*TASK REQUIREMENTS*
Would you reproduce the data below exactly, please, leaving out its images?
=== GIVEN MATERIAL ===
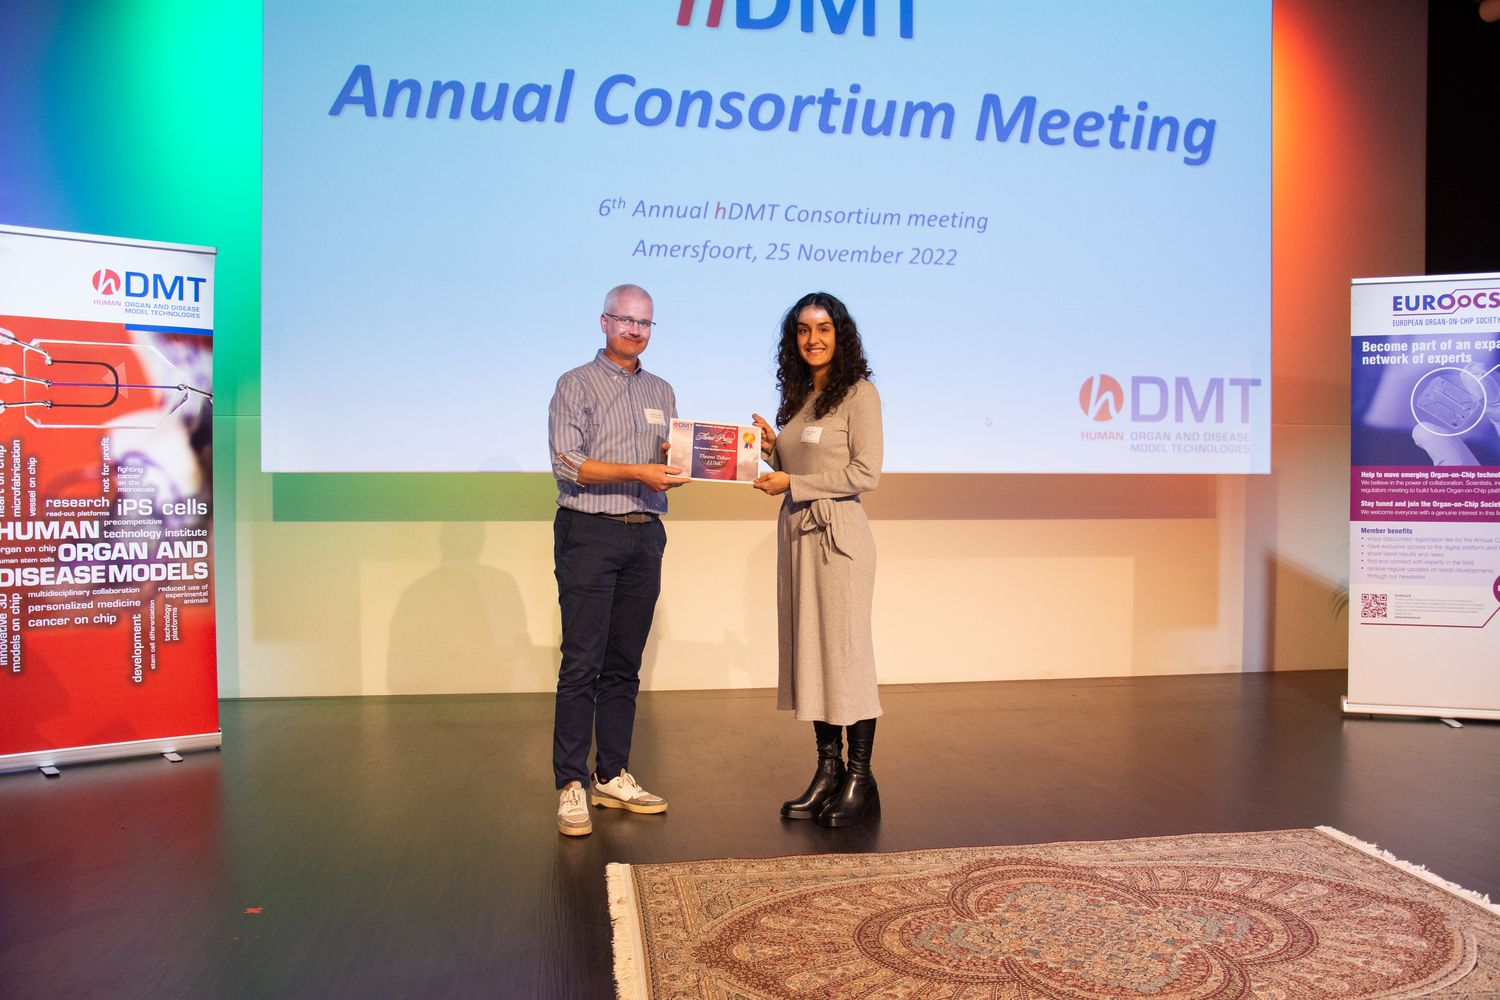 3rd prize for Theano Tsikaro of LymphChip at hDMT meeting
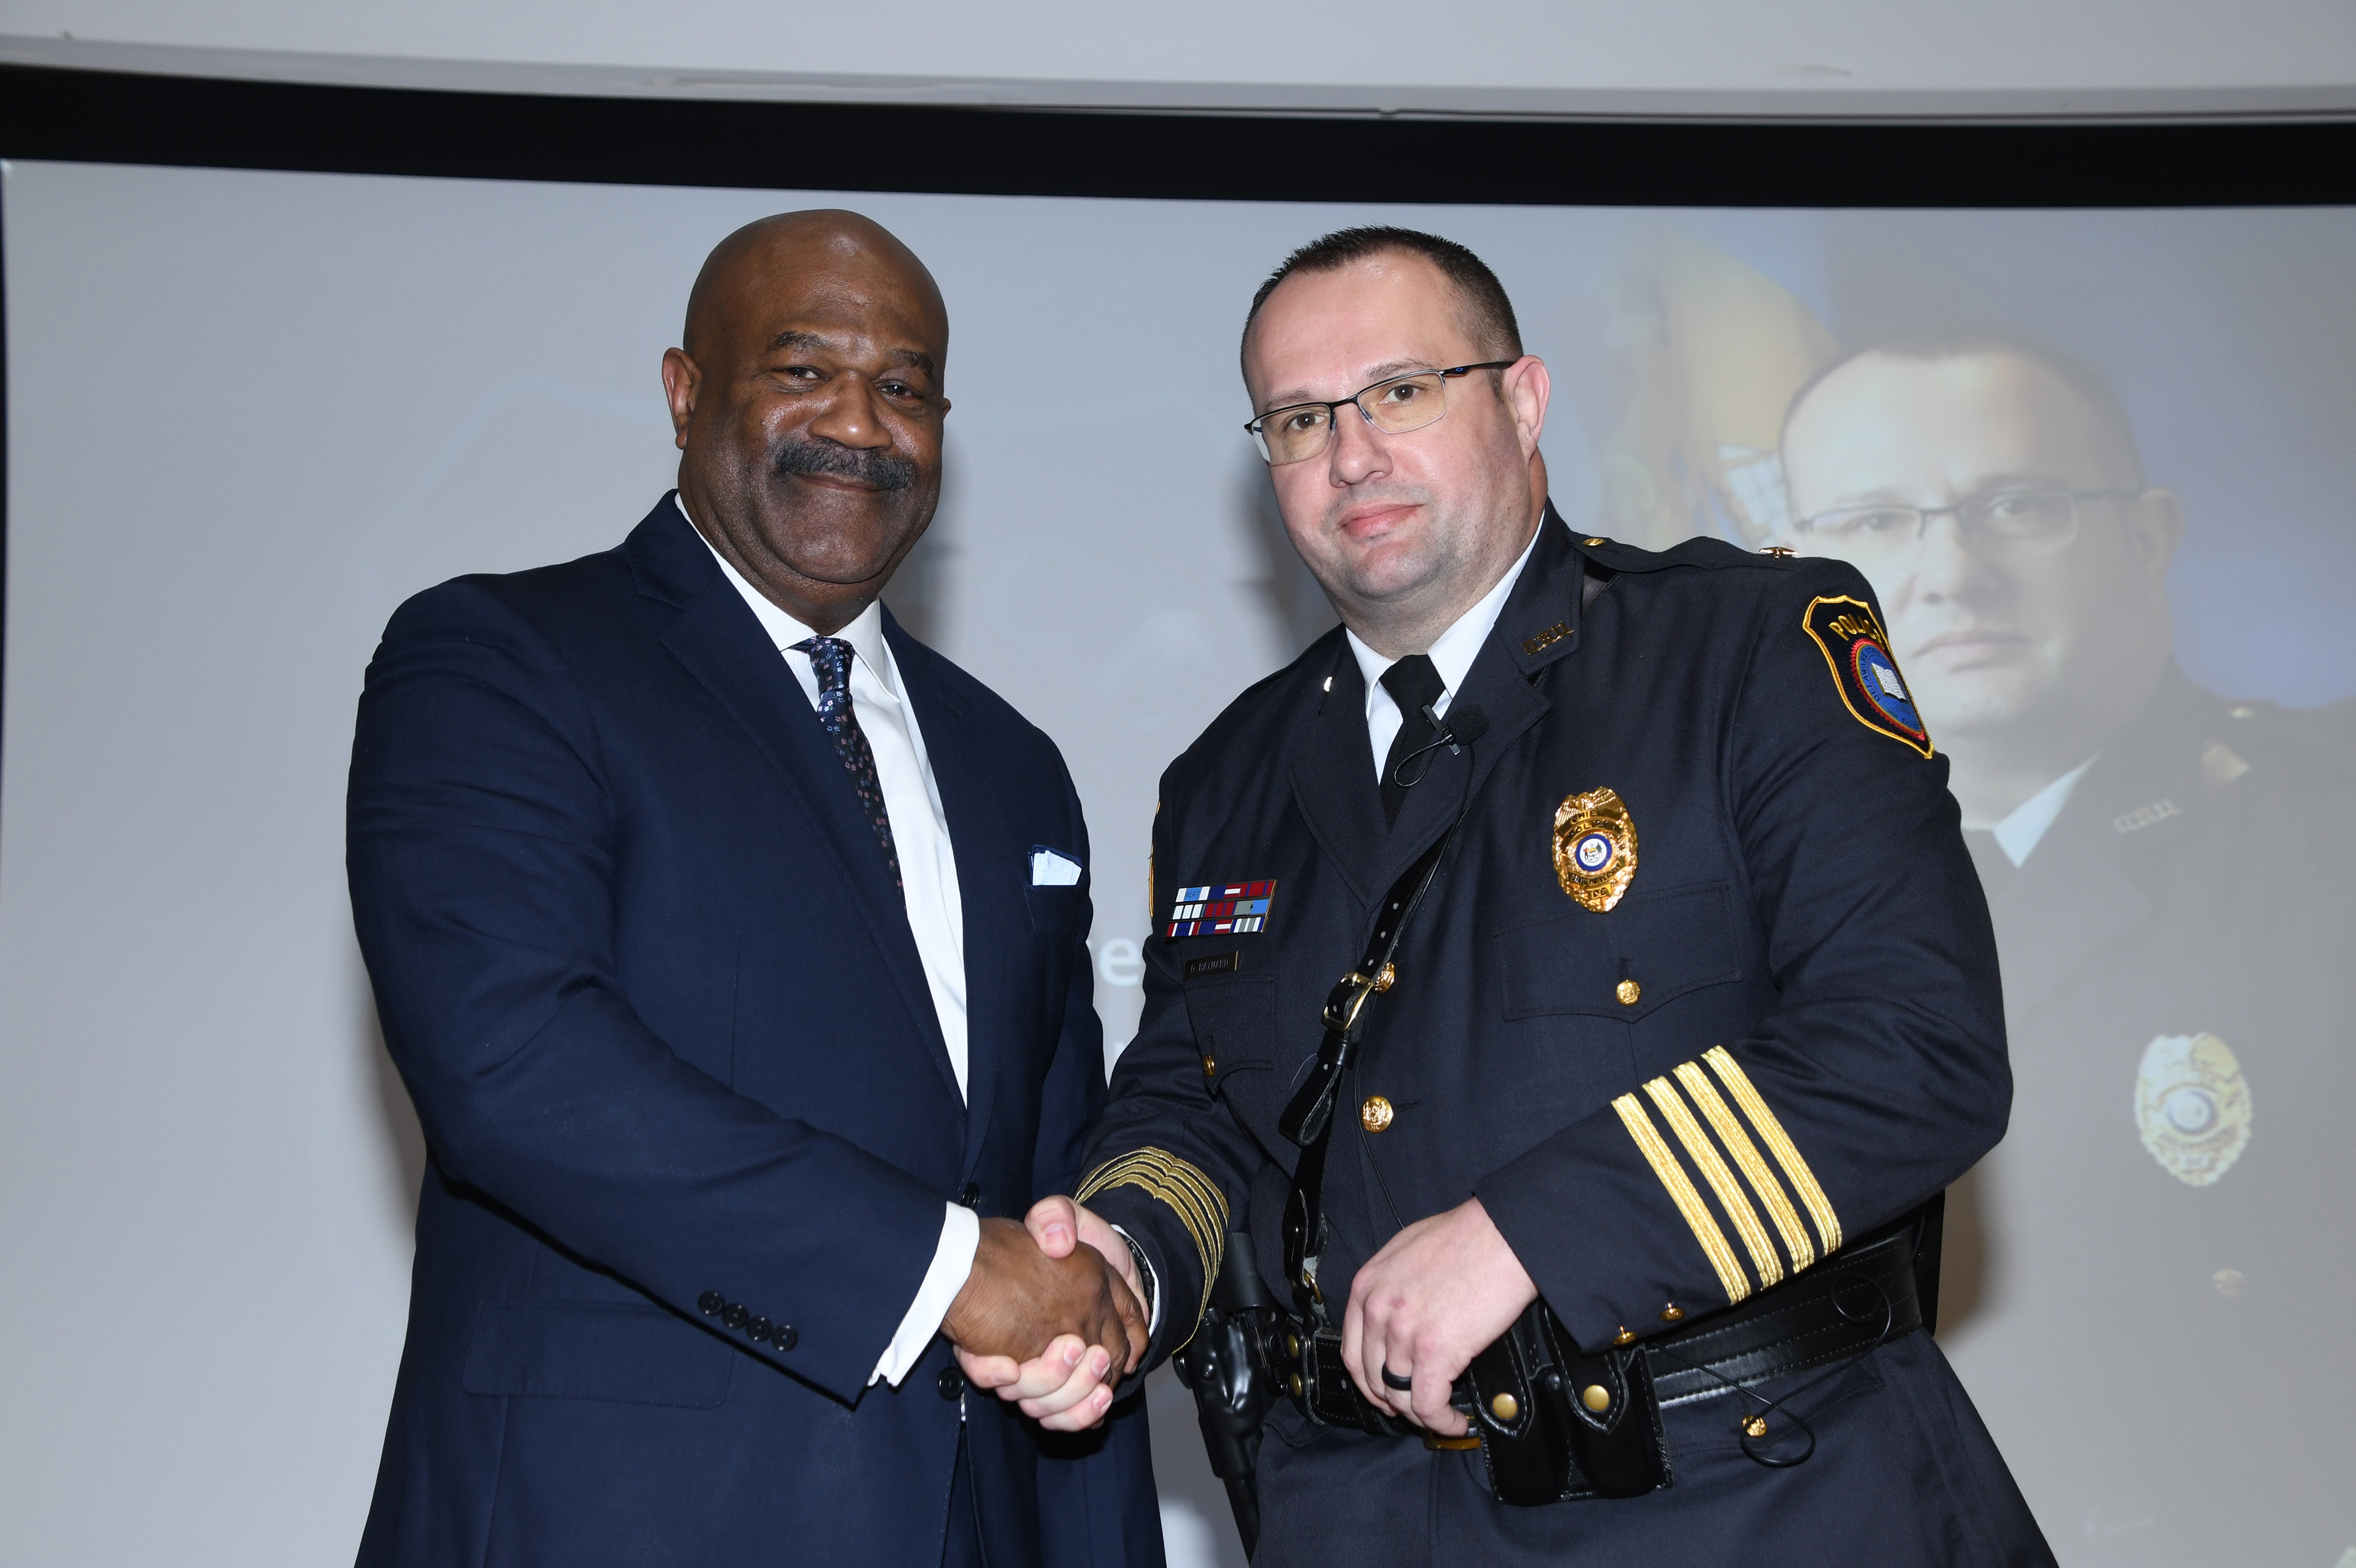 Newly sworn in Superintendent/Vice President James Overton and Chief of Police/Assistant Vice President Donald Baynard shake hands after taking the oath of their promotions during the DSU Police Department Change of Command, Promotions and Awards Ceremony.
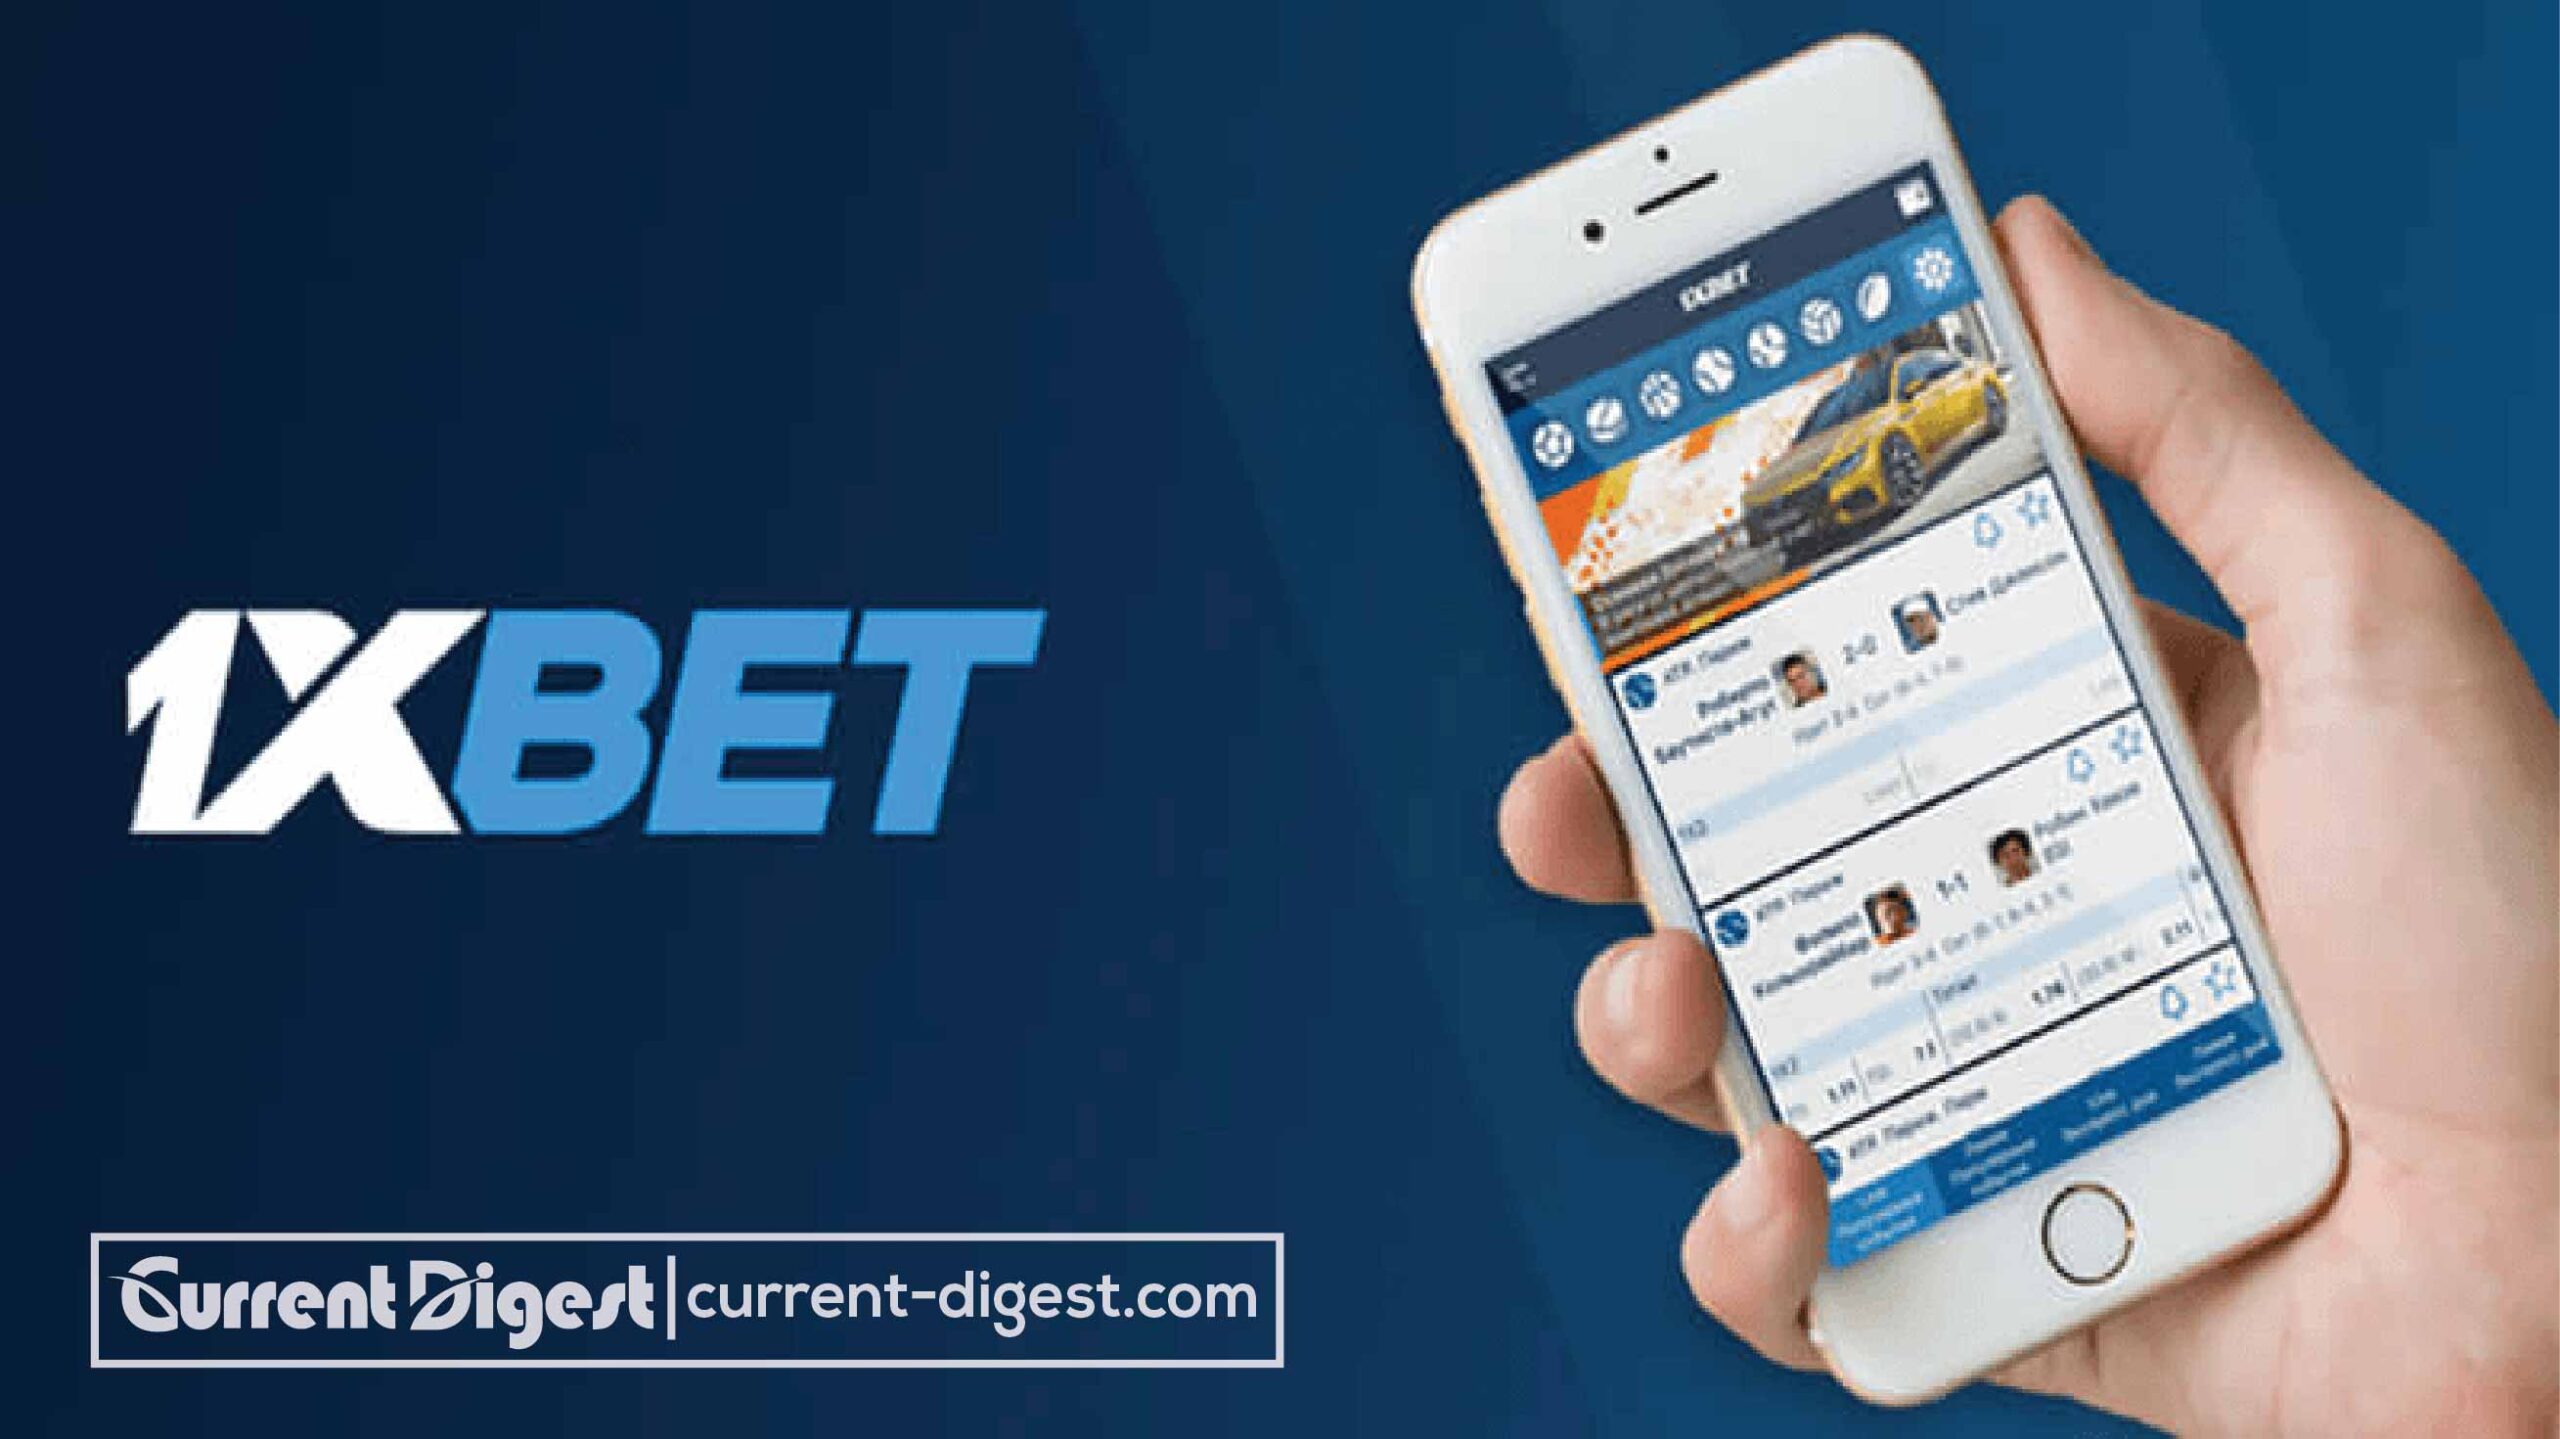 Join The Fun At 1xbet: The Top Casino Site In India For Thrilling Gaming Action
===
*REPLY TO THE TASK*
 3rd prize for Theano Tsikaro of LymphChip at hDMT meeting
 Newly sworn in Superintendent/Vice President James Overton and Chief of Police/Assistant Vice President Donald Baynard shake hands after taking the oath of their promotions during the DSU Police Department Change of Command, Promotions and Awards Ceremony.
 Join The Fun At 1xbet: The Top Casino Site In India For Thrilling Gaming Action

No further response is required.